= Washington State Department of Early Learning =

Government organization in Olympia, United States

The Washington State Department of Early Learning, or DEL, was a Washington state agency responsible for early childhood education. The agency was informed by the Washington State Early Learning Advisory Council. Governor Inslee signed House Bill 1661 on July 6, 2017, creating the Washington Department of Children, Youth, and Families (DCYF), part of which includes the work that DEL used to do. Its director is Ross Hunter.

== About ==
DEL was founded in 2006 as a Governor's cabinet-level agency by combining programs formerly housed in three agencies that were focused on early learning and support services such as parent education. They included the Division of Child Care and Early Learning at the Department of Social and Health Services.
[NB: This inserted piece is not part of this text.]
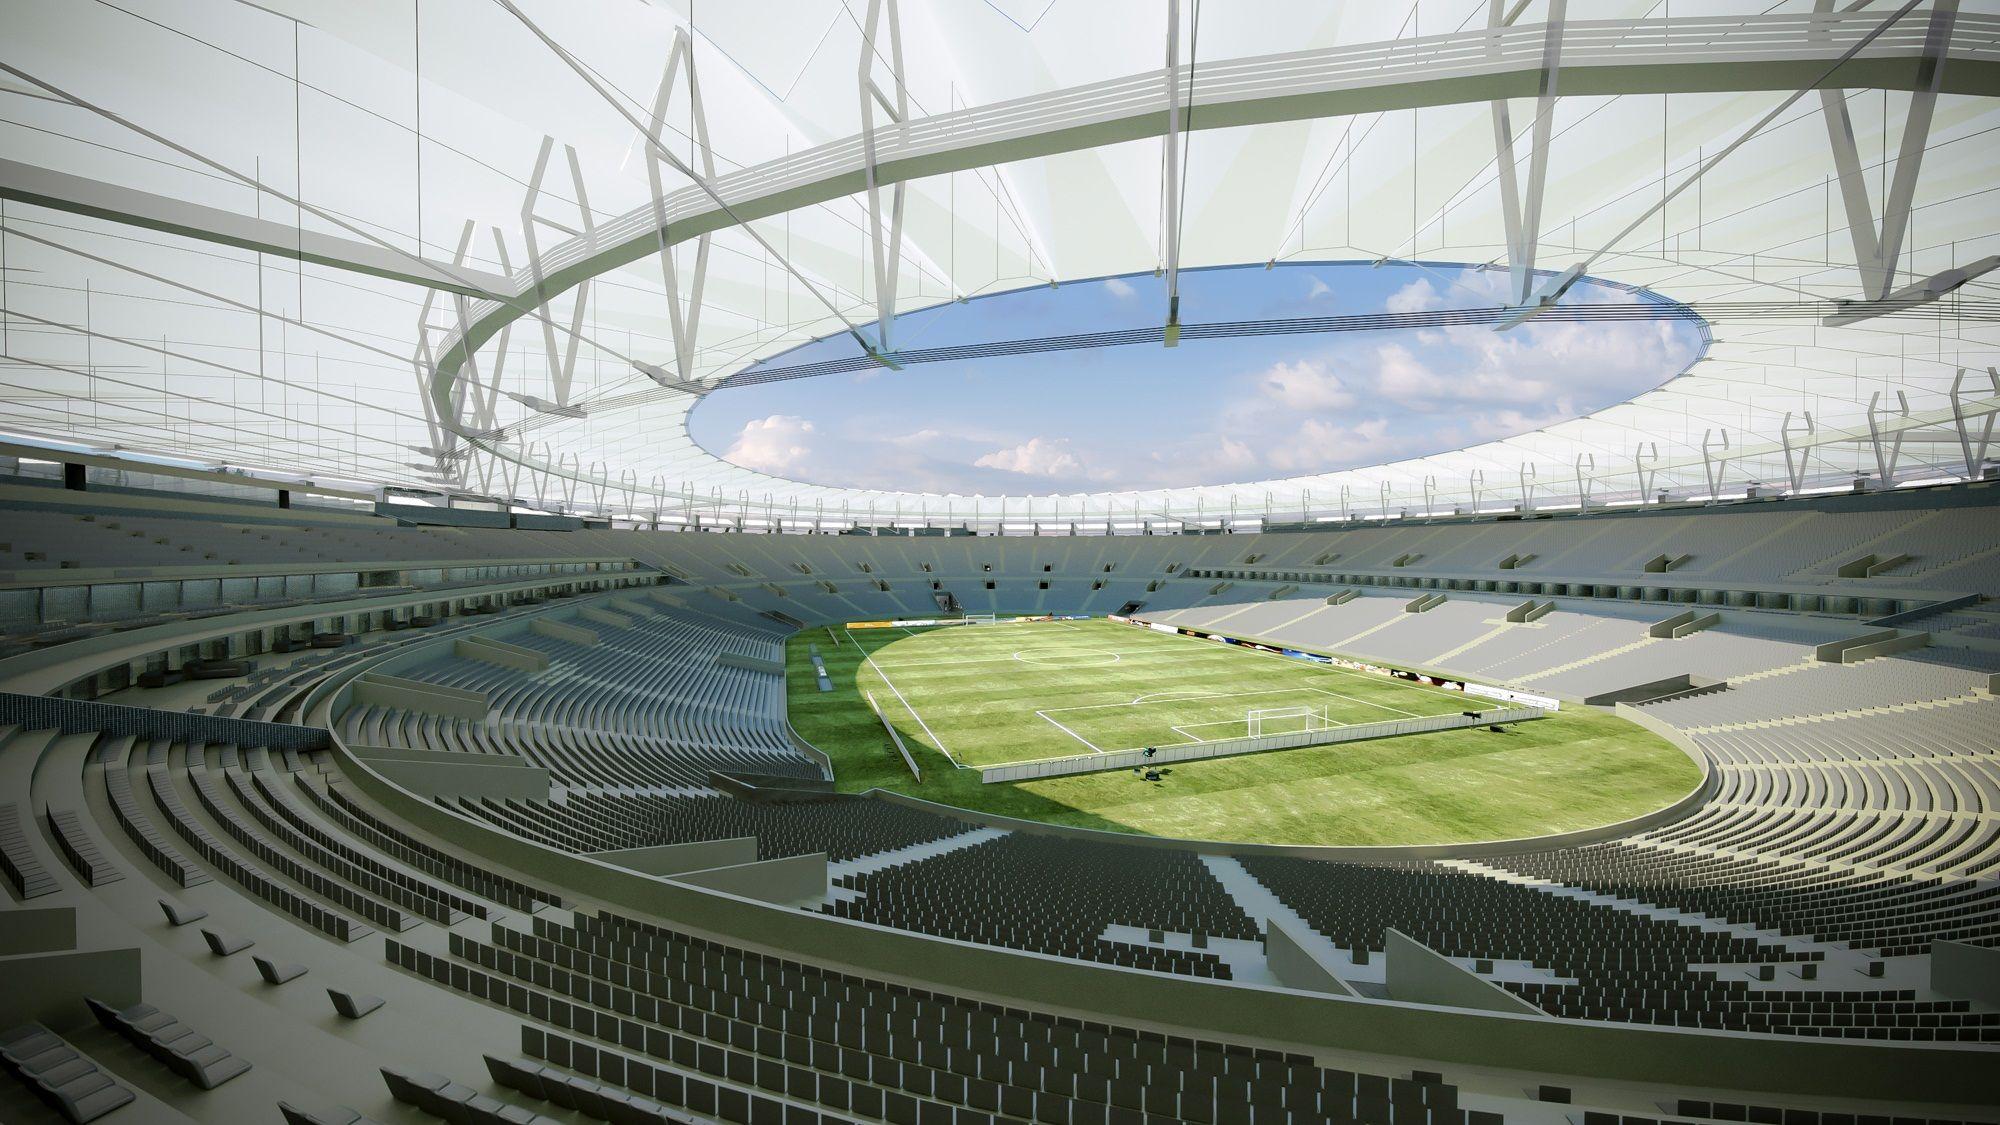 Estadio_Maracana_FIFA_Copa_2014_Projeto_Arquitetura_Interna.jpg (2000×1125)

Among other things, the agency is noted for focusing on public-private partnerships. According to a publication from the European Union, Washington state law says,
"Except for licensing as required by Washington State law and to the extent allowed by federal law, the director of the department of early learning shall grant waivers from the rules of state agencies for the operation of early learning programs requested by non-governmental public-private partnerships to allow for flexibility to pursue market-based approaches to achieving the best outcomes for children and families."

== Duties ==
DEL licenses and monitors child care facilities. It oversees the Early Childhood Education and Assistance Program, a state-funded preschool program for low-income 3- and 4-year-olds. The agency sets policy for child care subsidy programs, and coordinates early intervention services for children birth to age 3 who have disabilities and/or developmental delays, including providing specialized instruction, speech therapy, occupational therapy, or physical therapy.

The agency partners with the Department of Social and Health Services and the Office of Superintendent of Public Instruction on a variety of issues.